At Lilac, our mission is to help you understand and curate your text data so you can build the best
possible LLM apps. We’ve built a new LLM-powered text clustering pipeline that’s more accurate and
easy to understand than any clustering approach we’ve seen before. This is our first cloud service
that we are launching on [Lilac Garden](https://www.lilacml.com/#garden), our new accelerated
computation platform.

## The problem

Understanding text datasets poses a unique set of challenges. Unlike images and videos where we
immediately can _see_ patterns, text requires a different approach. A common approach to
understanding large text datasets is clustering, where semantically similar documents are put in the
same bucket, or category. Understanding the relative sizes of the categories allows us to understand
how our data is distributed, without having to read every individual document. However document
clustering is often tricky to get right, requiring embeddings that capture intent in text, and
compute intensive pipelines that can take prohibitively long. The result is a set of cluster IDs
that require skimming through individual examples to draw insights.

## Our solution

Our new clustering service aims to solve this problem by simplifying this pipeline to a single API
that allows you to hand us a list of documents, and we'll give you back human-readable cluster
names, and categories for clusters, with a highly-optimized, hardware-accelerated cloud pipeline.

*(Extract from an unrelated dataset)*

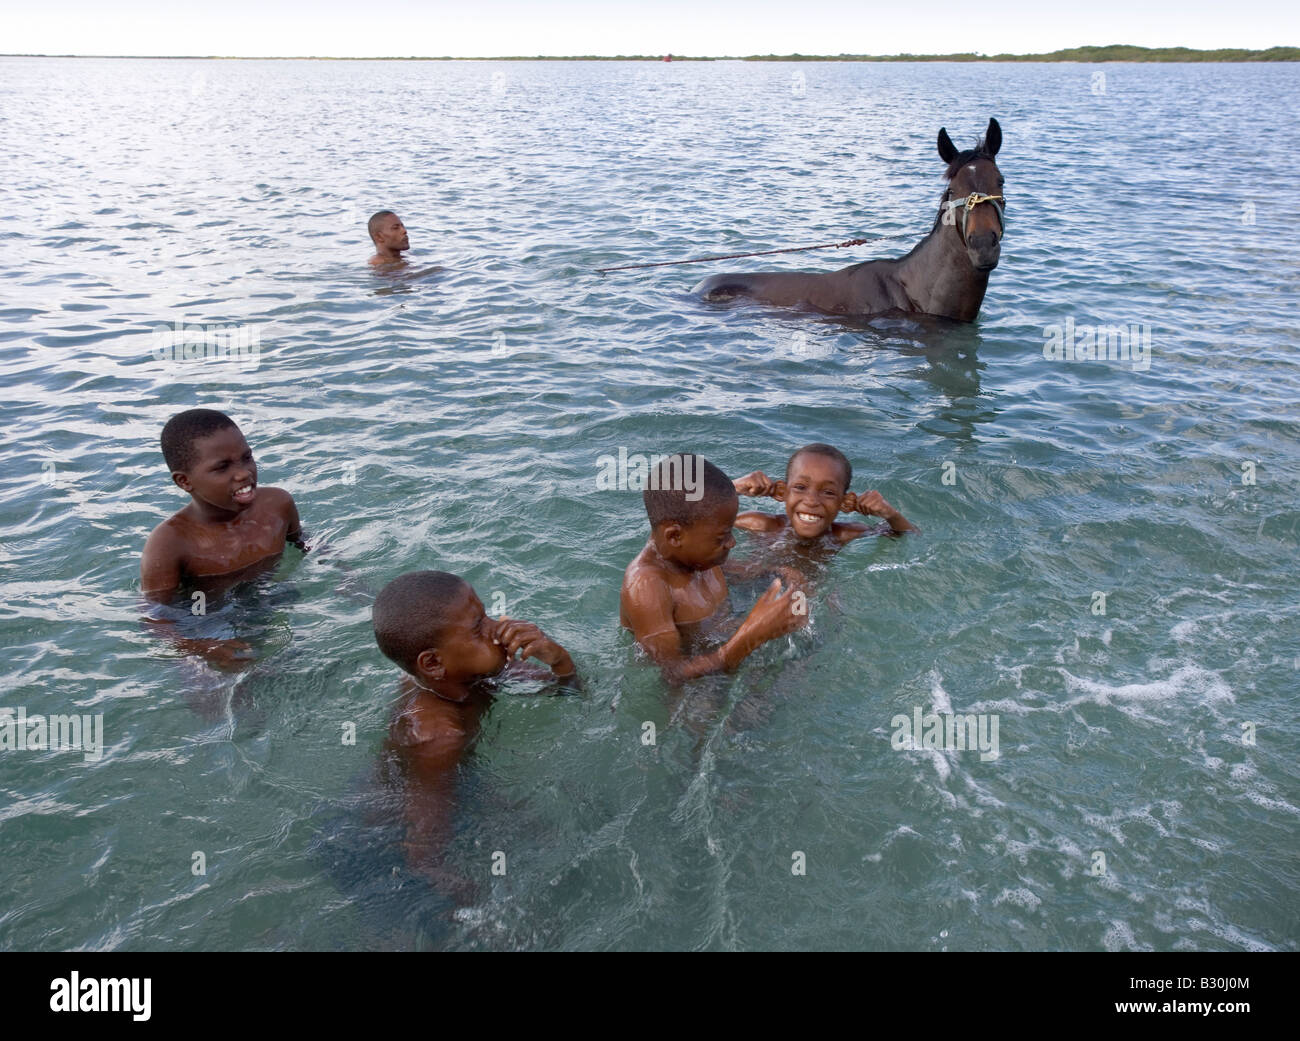 A man swims his race horse in The Lagoon near Codrington Barbuda Kids swimming nearby have seen this before Stock Photo
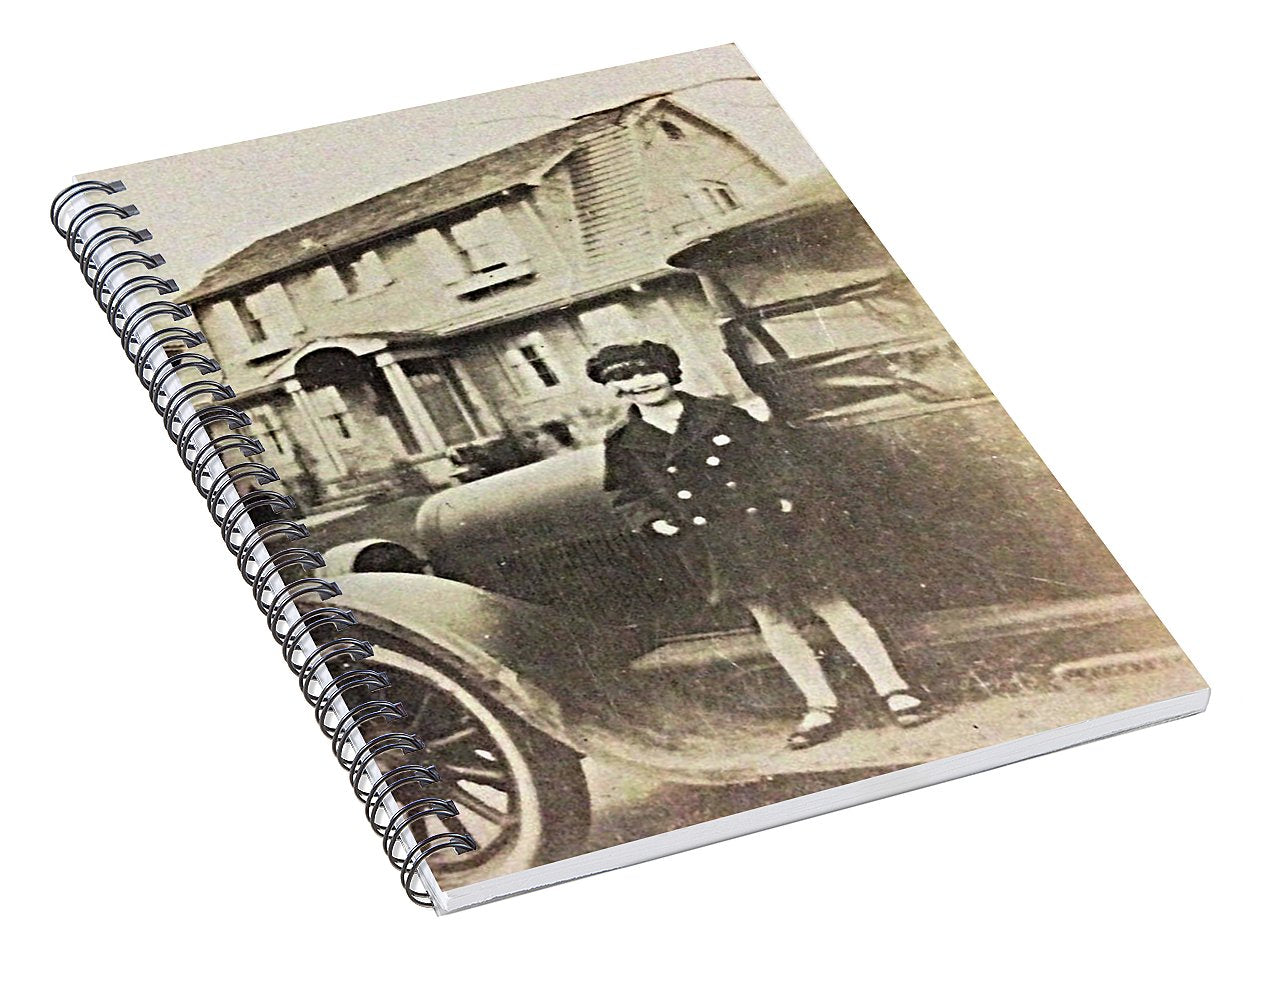 Little 1920s Girl With Car - Spiral Notebook

We leverage long context embeddings, massively parallel GPU compute, and sophisticated LLMs to
generate concise, descriptive titles for each cluster. These clusters play a crucial role in
revealing the major segments of your dataset by grouping similar documents together. This approach
can dramatically speed up the process of curation, allowing the identification and removal of
problematic clusters, sub-sampling large clusters to reduce dataset size, and creating task-specific
datasets. Moreover, examining clusters in user-LLM interaction logs sheds light on subtle and
potentially hazardous ways in which users engage with your product.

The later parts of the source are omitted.